**Work order**
Locate "2012年高考数学理科(广东卷)解析" in the data below, then output the line it is on and all following lines through the last, word for word. Skip any pictures.

**Exercise data**
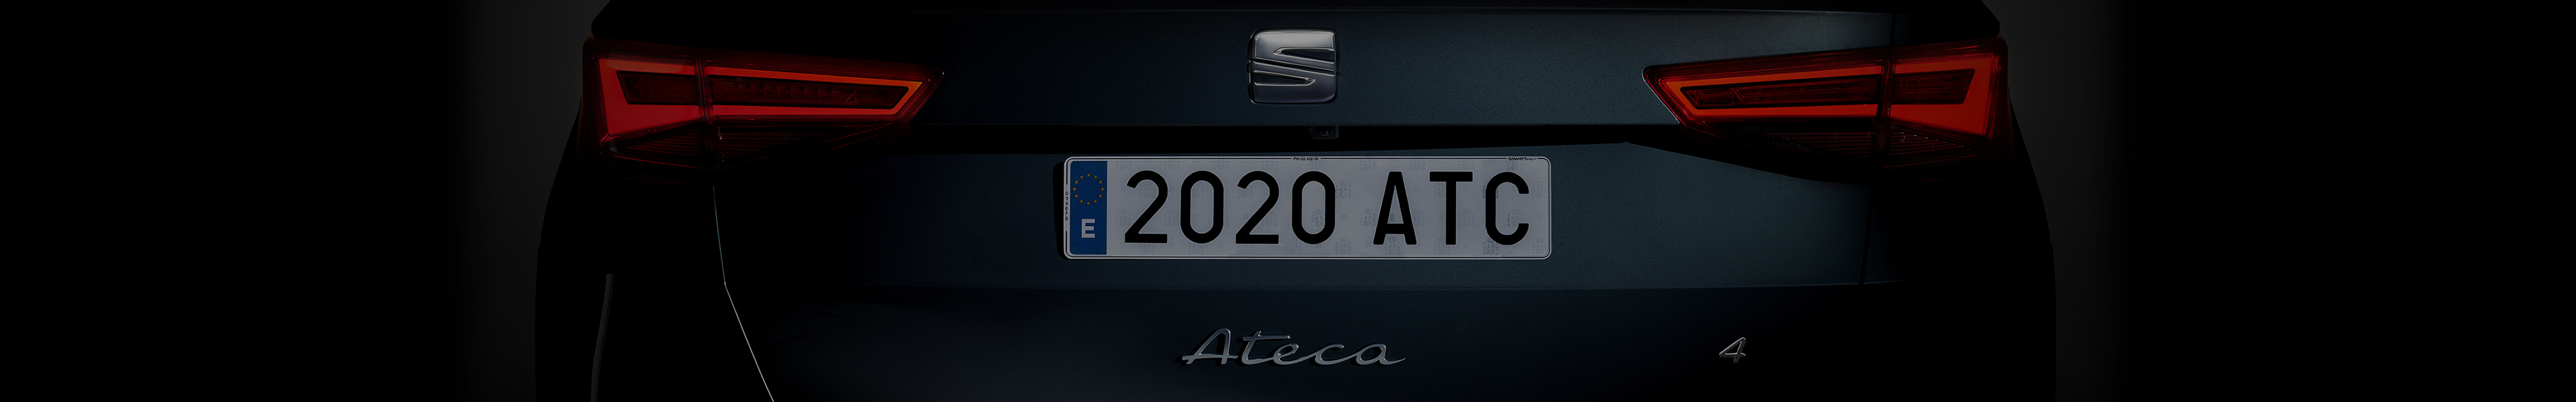 Nuova SEAT Ateca 2020
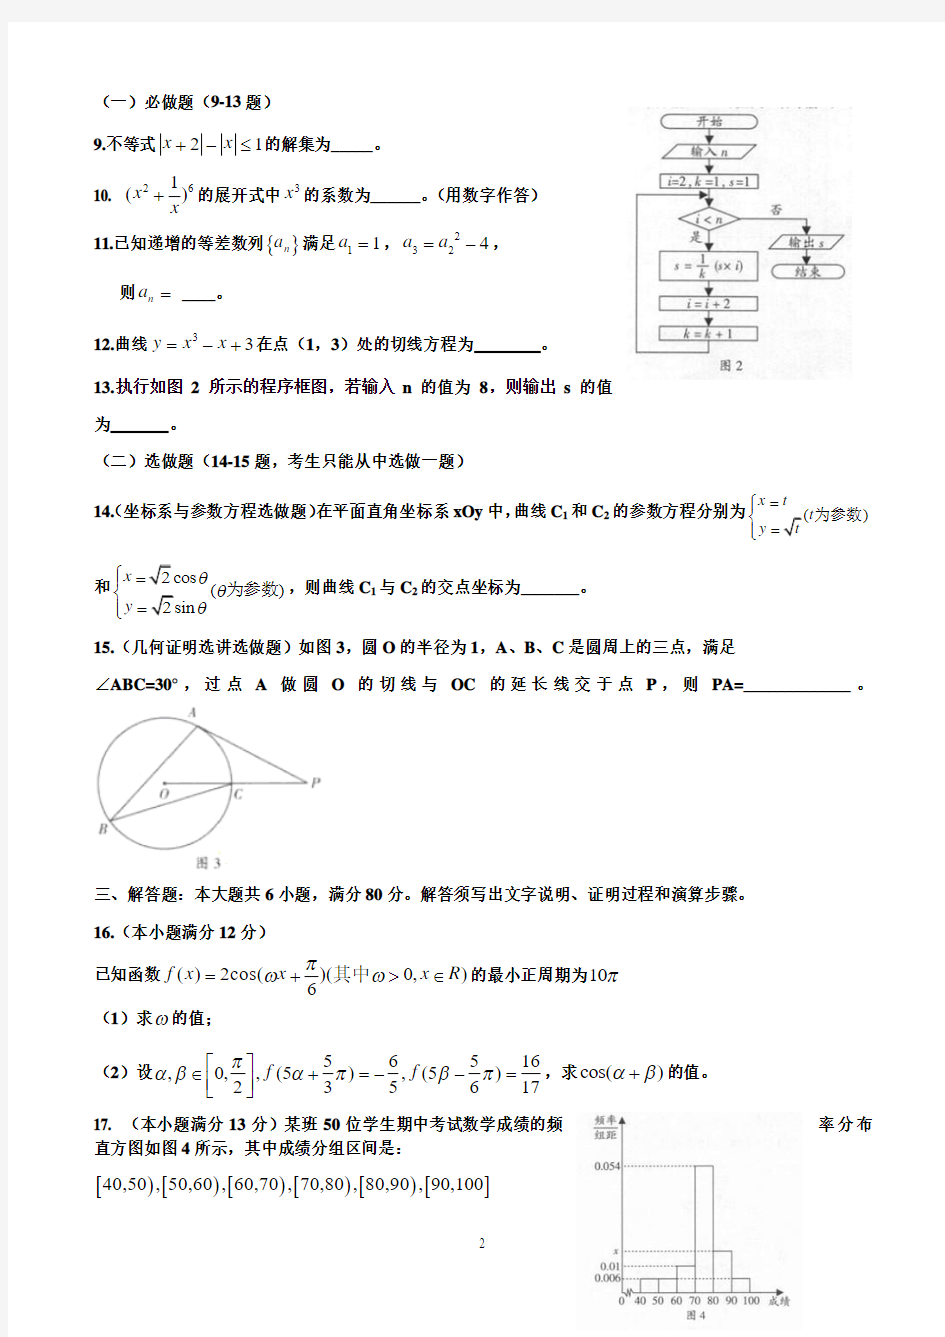 2012年高考数学理科(广东卷)解析
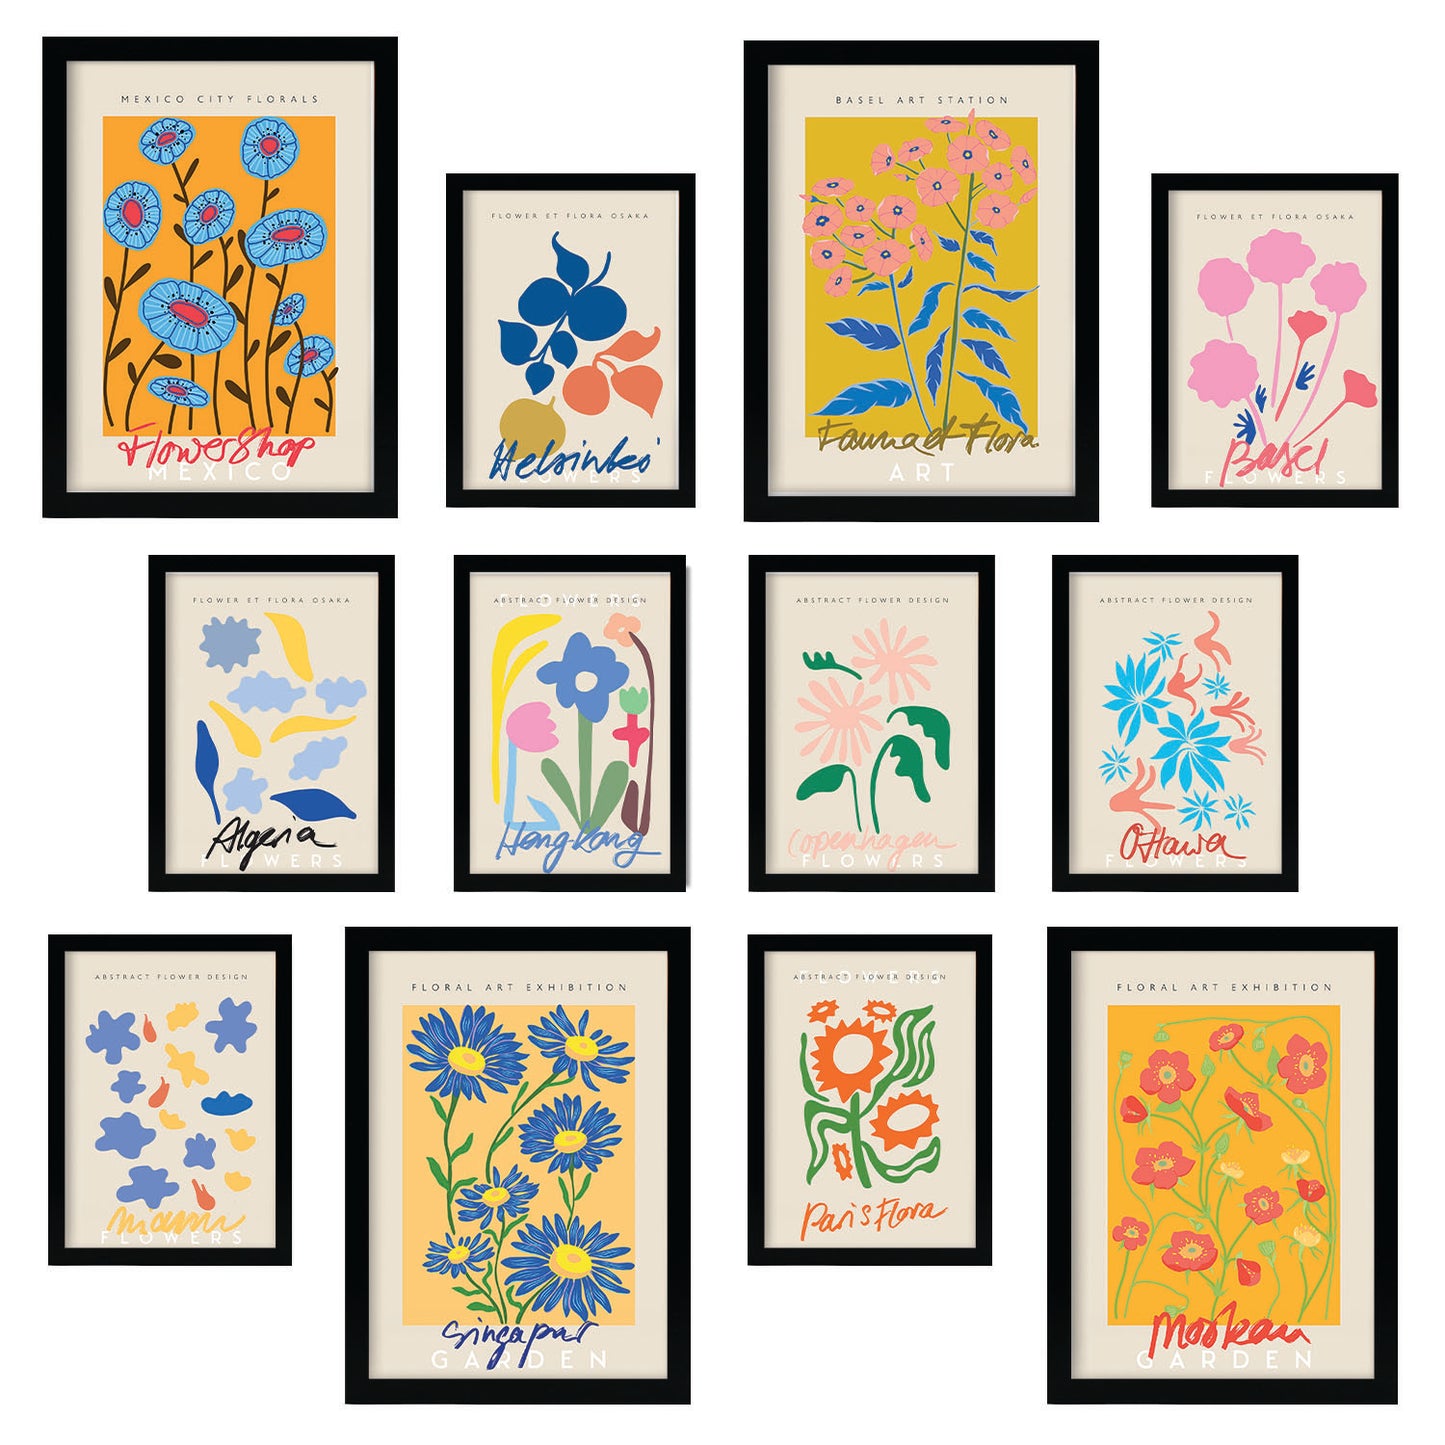 Conjunto de Láminas Botánicas Coloridas

**Expected answer**
 2012年高考数学理科(广东卷)解析
 Conjunto de Láminas Botánicas Coloridas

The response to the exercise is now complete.